Matt Perryman

Scared to be an individual person

By Matt Perryman

“Ego is the enemy” they tell you.

I’m suspicious. Any time a sophisticated idea gets popular, the good bet is it’s turned stupid.

Eastern ideas, mainly borrowed from Buddhism and Taoism, made their way into the US by way of California hippies, which makes Westernized interpretations even more suspect.

What does it mean that your “ego is the enemy”?

Your ego is your conscious personality, the part of you that thinks in words and experiences feelings and wants to be accepted by other people.

According to “Eastern ideas”, a soul achieves enlightenment by stepping away from this ego and achieving a state of “no-self”.

I spent some time practicing these methods around a decade ago.

Pros: It can feel great to get into a state of blissed-out deep trance.

Cons: Good luck feeding yourself as a blissed-out zombie.

Those of us mortals inhabiting living bodies, with a foot in this material aspect of reality, need to breath, drink, eat, and get on with the business of living.

What I discovered is that much of this “let go of yourself and just, like, be, bro” is white-wash from the California cult.

The actual writers and teachers of Buddhist thought were nowhere near this dumb.

They recognize, first of all, that a desire to be without desires is logically incoherent.

If you want to be without a self — then who or what is wanting?

There are good answers to that question which, sadly, will not be found in most books on the topic (and definitely not in those stupid quote-spam “inspo” accounts on social media)

Western traditions of philosophy and mysticism have their own understanding of the mind, now little known with all the Oriental fetishism.

What if the problem is not the ego…

…but a lazy, flaccid, undeveloped ego?

Not too much mind, but too little.

This is hard to see. We’ve all grown up in a mechanical civilization that prizes numbers and “the market” above anything else.

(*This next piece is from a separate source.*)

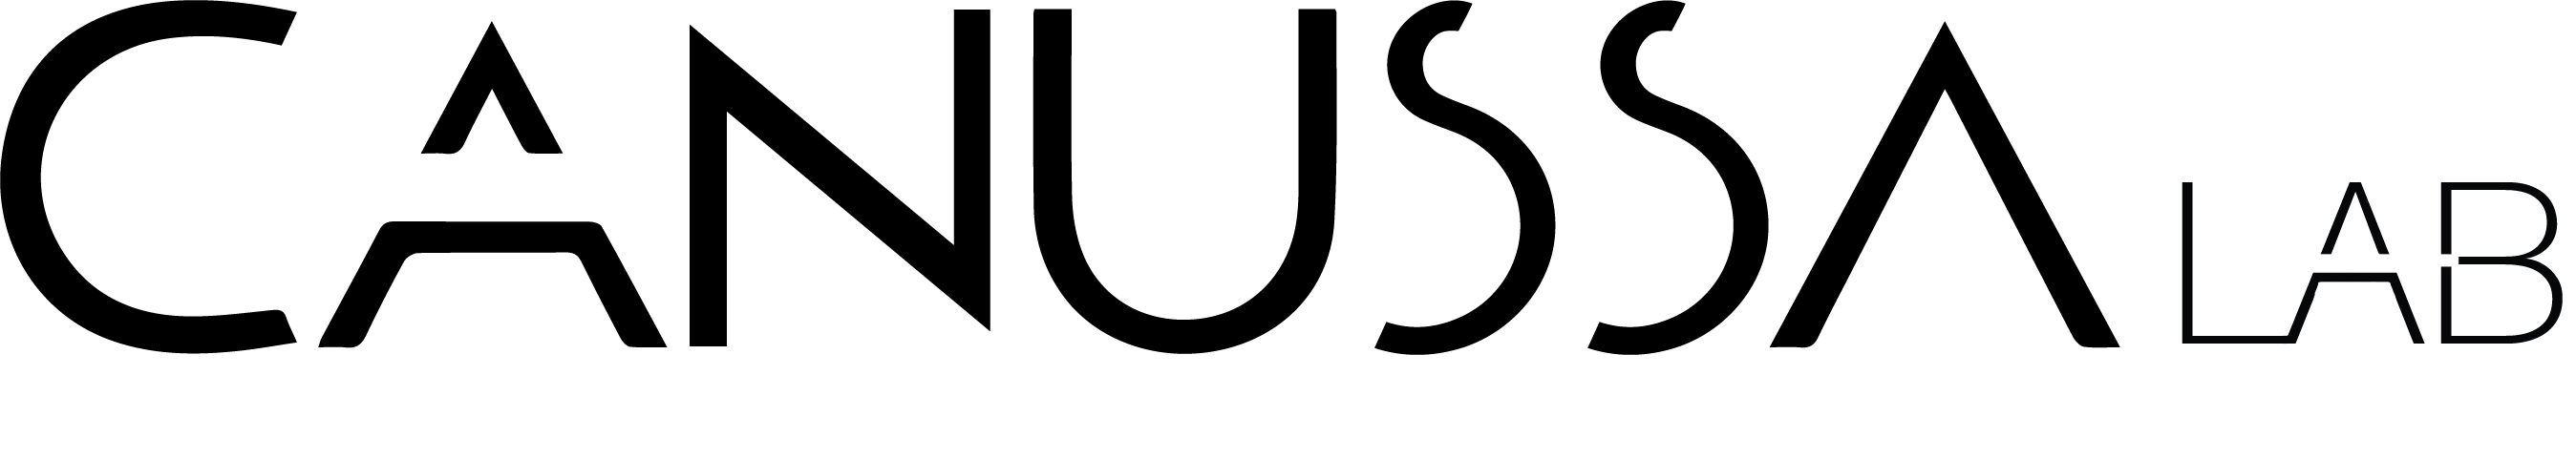 logo canussa lab

Ask yourself how much of your life was freely chosen, versus chosen because it will get you something in exchange. Money, status, recognition, love, s\*x, power, anything.

Necessity is necessity and everybody’s gotta eat. But few people today can draw a line between the essential must-dos of survival and a real identity.

Most folks, I dare say, are inclined to be what others want them to be.

Psychiatrist Erich Fromm once wrote that such people don’t even have egos or personalities:


For they constantly change their egos, according to the principle: “I am as you desire me.”


Without a stable identity, you’ll pick one off the shelf like an outfit — or have it chosen for you by invisible forces acting on your mind.

This is another kind of “no-self”.

There is no personality, only change to fit what others demand of you.

What’s the solution?

Not less ego, but more. Stronger. Disciplined. Focused. Confident. Indifferent to the demands of others.

Fear of being yourself comes down to an untrained ego. Like a muscle, if you don’t use it, train it, put it under constant challenge, it’s weak and useless.